あはれ花びらながれ/をみなごに花びらながれ/をみなごしめやかに語らひあゆみ/うららかの跫音(あしおと)/空にながれ/をりふしに瞳/ひとみをあげて/翳(かげ)りなきみ寺の春をすぎゆくなり/み寺の甍(いらか)/みどりにうるほひ/廂々(ひさしびさし)に/風鐸(ふうたく)のすがたしづかなれば/ひとりなる/わが身の影をあゆまする甃(いし)のうへ
私が高校一年生の時に国語の先生に「み寺の甍(いらか)/みどりにうるほひ」の「みどり」がお寺の屋根に葺(ふ)かれた銅板の緑青(緑青)か、境内の新緑か、はたまた新緑が寺院の屋根に映えている様子を言っているのか、という議論を持ちかけたことがあります。結局、色々な解釈が出来るという話で収まりましたが、言葉の一つ一つは周囲の文脈を良く読むと、いろんな解釈の可能性が出てくるものです。
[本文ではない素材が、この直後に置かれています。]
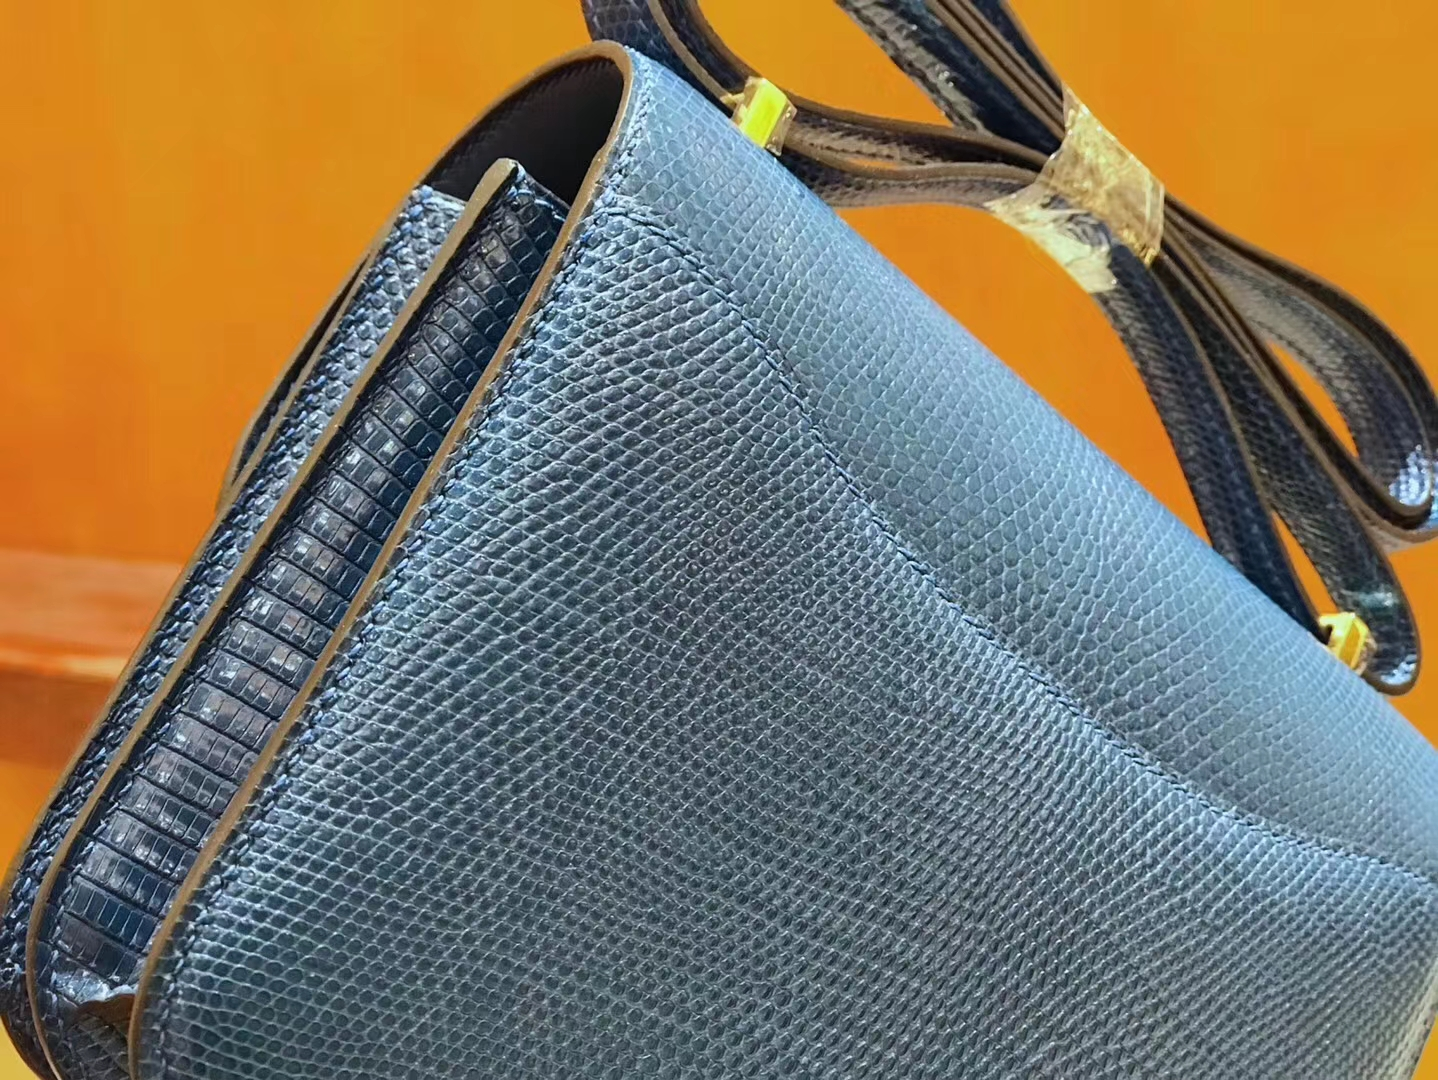 Hermès(爱马仕)Constance 18cm 坦桑尼亚蓝 南非野生蜥蜴皮 金扣 原版蜜蜡线 顶级手缝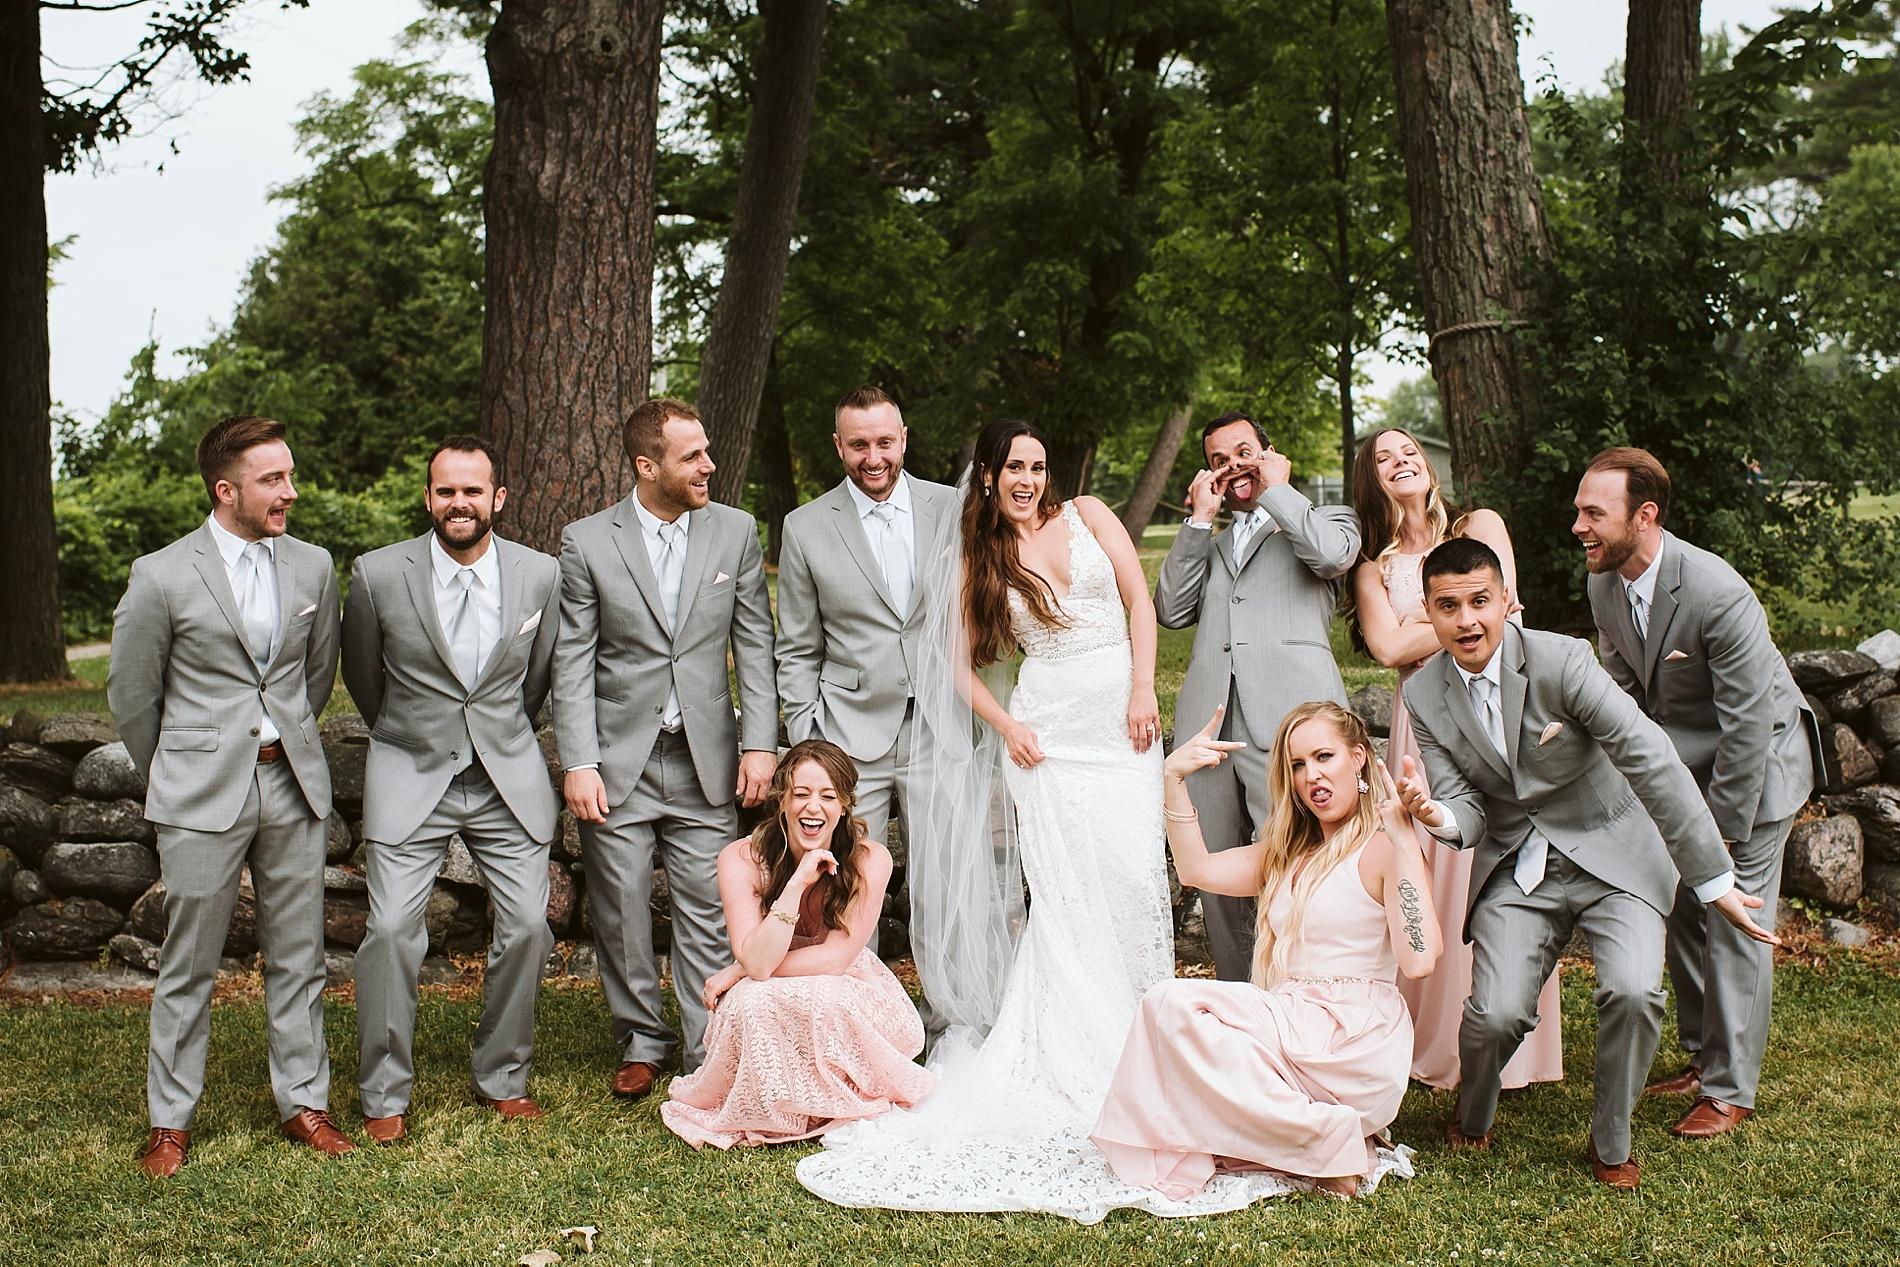 Kawartha_Lakes_Wedding_Bobcageon_Eganridge_Resort_Toronto_Photographer_0044.jpg

言葉の解釈が文脈に左右されるという点について言えば、音楽作品や音楽ジャンルについても同じです。昨日話題にした「ノクターン」は、現在では一般に夜に想いを馳せて書かれた音楽と理解されています。これは大雑把な歴史的な説明としては必ずしも誤りではありませんが、ノクターンの成立を19世紀前半の音楽活動の文脈の中で見ていくと、ノクターンのいろいろな顔が見えてきます。
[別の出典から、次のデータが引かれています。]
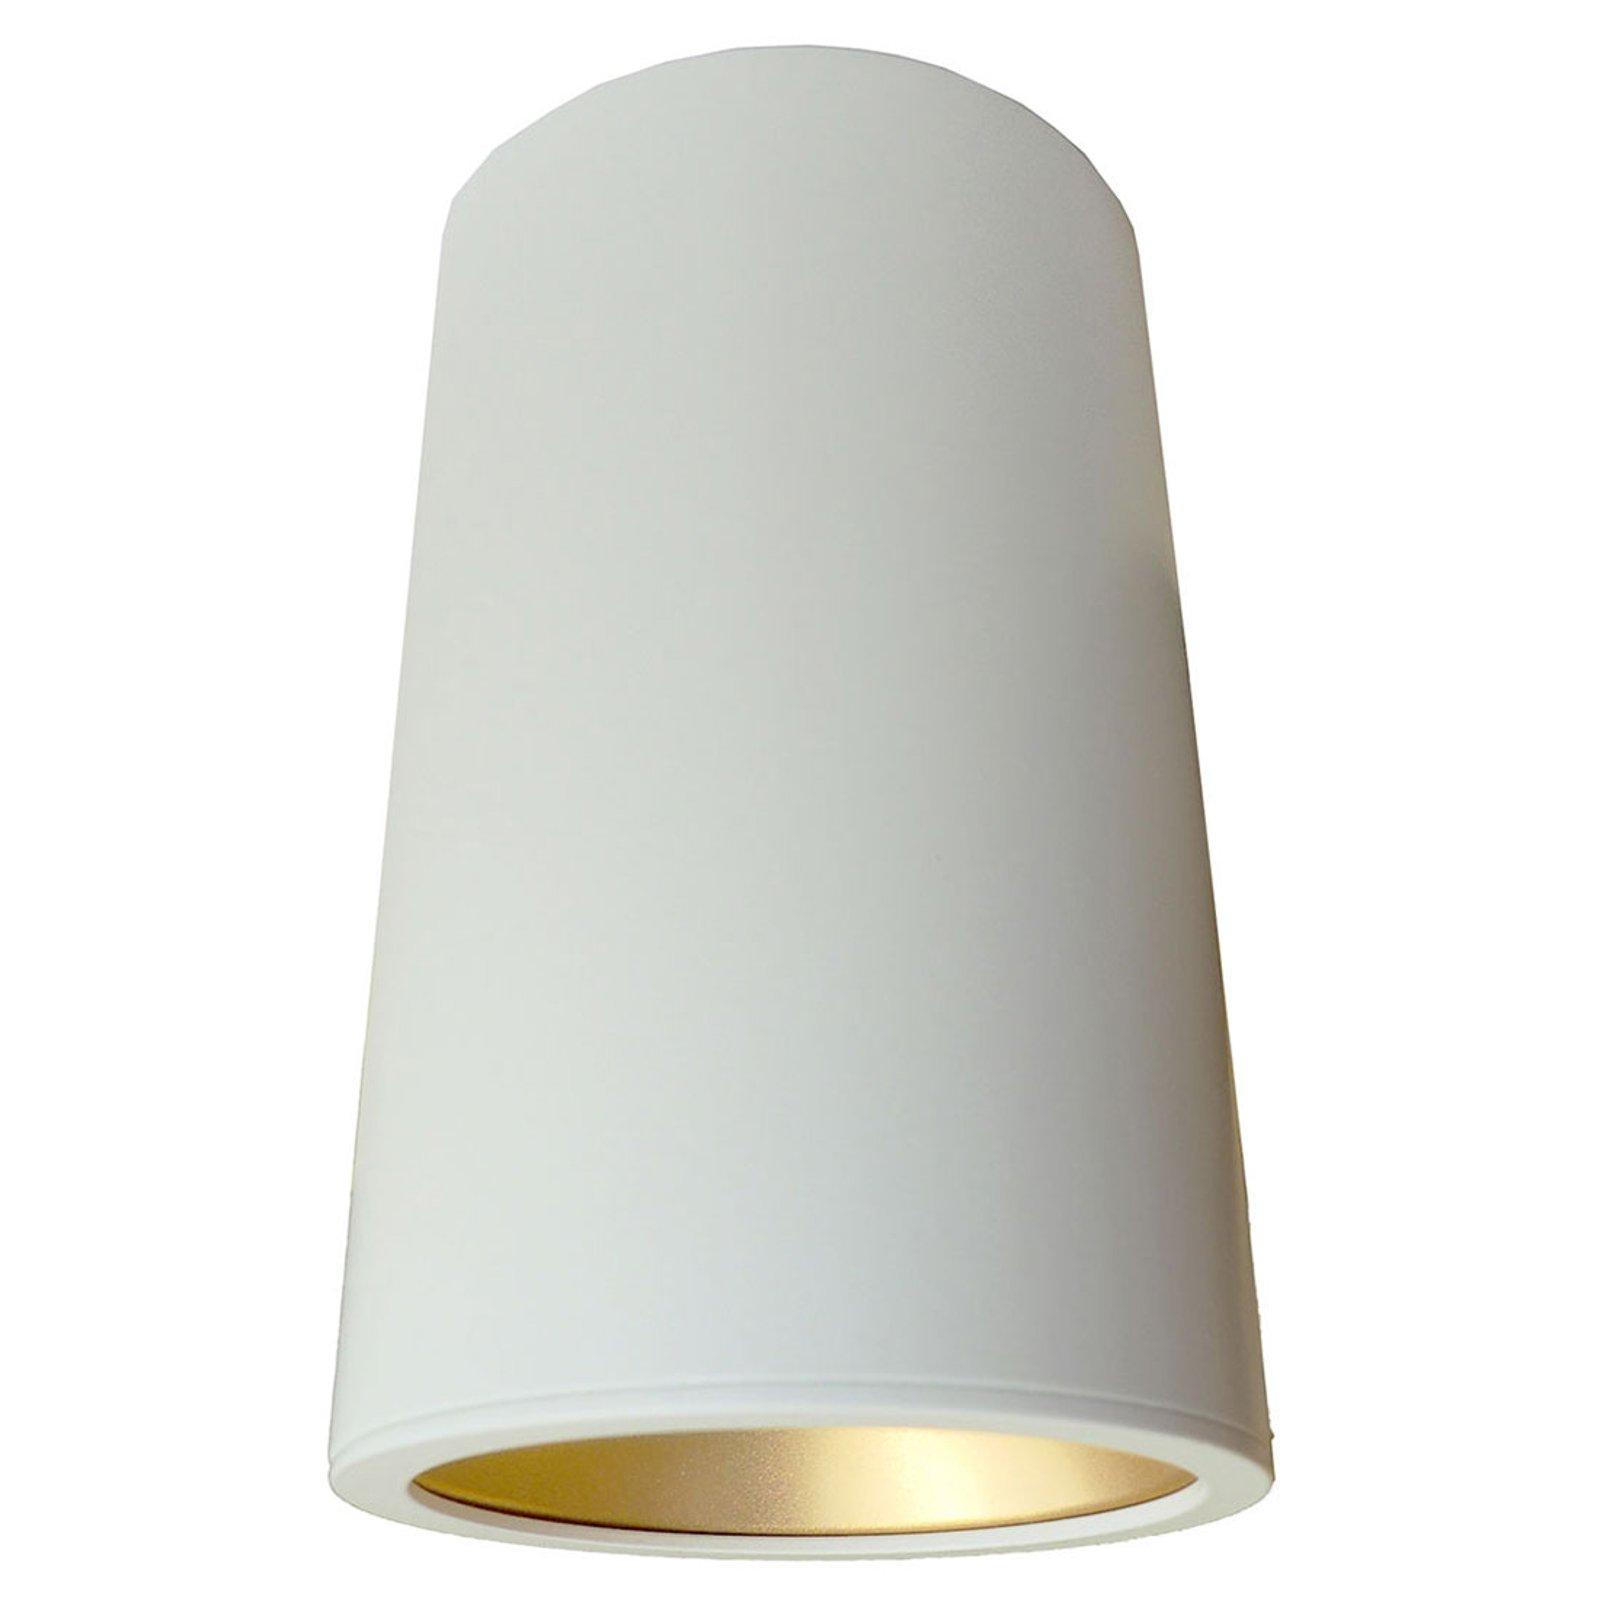 LED-downlight Jesta, hvit

19世紀音楽がご専門の西原稔先生はピティナのホームページでの連載「ピアノの19世紀」で、ノクターンが協奏曲のゆっくりなテンポの楽章が独立して成立した、という説を紹介しています。19世紀前半の協奏曲は急ー緩ー急という3つの楽章から出来ています。第2楽章は通常ゆっくりなテンポで、ピアノが歌うようなメロディーを奏で、パッセージの端々は即興的できらびやかなパッセージで装飾されています。この特徴は作曲家たちがノクターンを書く際に念頭に置いていたはずです。西原先生が述べられているように、ショパンが《ピアノ協奏曲第2番》の第3楽章で《ノクターン》第20番 嬰ハ短調のテーマを再利用したのはやはり偶然ではないでしょう。ノクターンと協奏曲のゆっくりなテンポの楽章には互換性があったと言うことです。
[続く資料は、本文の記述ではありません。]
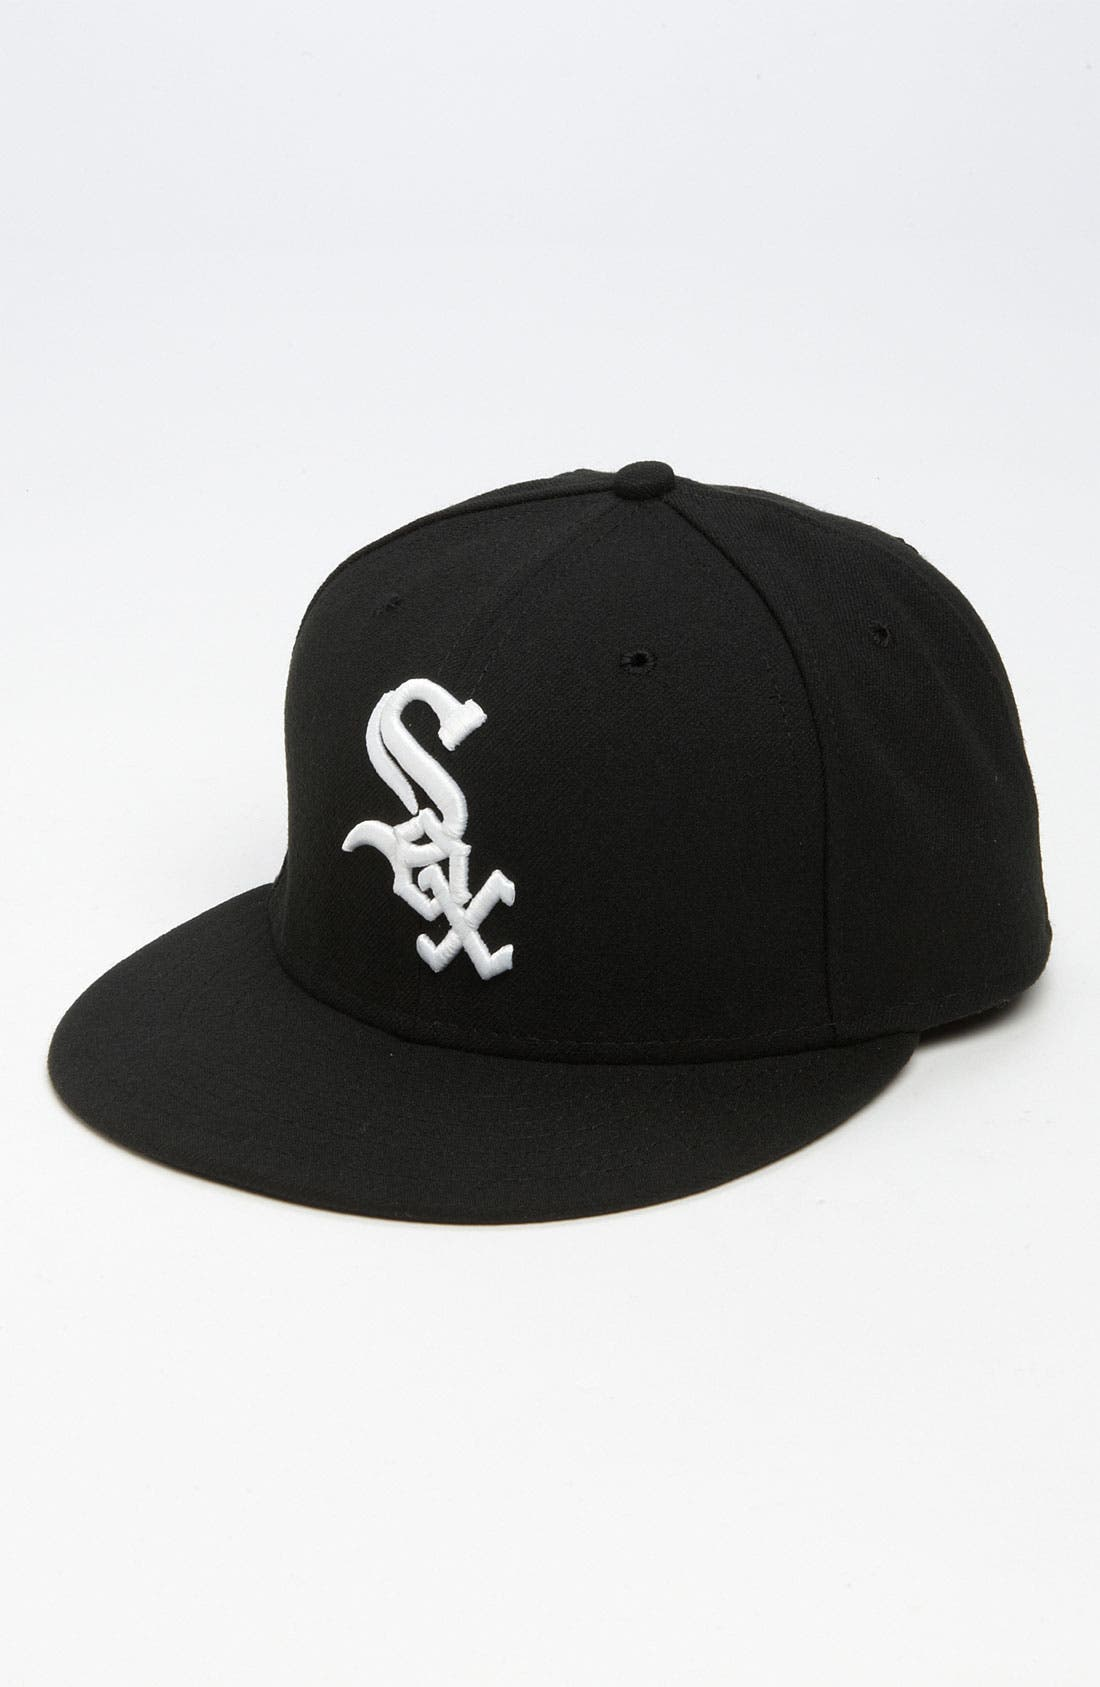 Alternate Image 1 Selected - New Era Cap 'Chicago White Sox' Baseball Cap

ここで、西原先生が連載で扱われなかった、ノクターンを巡るもう一つの「解釈」をご紹介しましょう。それは「ノクターン」は19世紀初期からピアノ曲よりも、声楽曲のジャンルとして広く知られていたという事実です。録音がなかった時代は、自宅での音楽実践がとても重要な役割を果たしていました。ピアノやギターの伴奏に合わせて歌われる短い歌曲は雑誌の付録などとして、大変に流行していました。これらの歌にもいろいろ種類がありました。代表的なものは「ロマンス」「シャンソネット」「ノクターン」「情景(シーン)」等と呼ばれるジャンルで、恋愛や瞑想的な内容、おどけた内容など、様々な歌詞に音楽が付けられました。メンデルスゾーンの有名なピアノ曲に「無言歌集」というのがありますが、これはドイツ語では「Lieder ohne worte(歌詞が付いていない歌)」ですし、フランスでは「Romance sans paroles(歌詞なしのロマンス)」という意味です。声楽のためのロマンスやノクターンはしばしば高い音域を担う二人の女性のために書かれました。メンデルスゾーンもこの種の歌曲を沢山書いています。フィールド(14番)やショパン(第7番)のノクターンの中には曲の途中で二つの旋律が同時に現れる箇所がありますが、これは音域から言っても「二人の女性の歌い手」と見ることができるでしょう。
今日の一曲はショパンの《ノクターン》第7番です。A-B-A'の明快な3部形式で、AとA'はフィールドの伝統を受け継いだ歌唱的なスタイル、真ん中のBはオペラの場面転換のような劇的な音楽です。Aの部分で歌のメロディーが初めは「独唱」、次に「二重唱」として扱われます。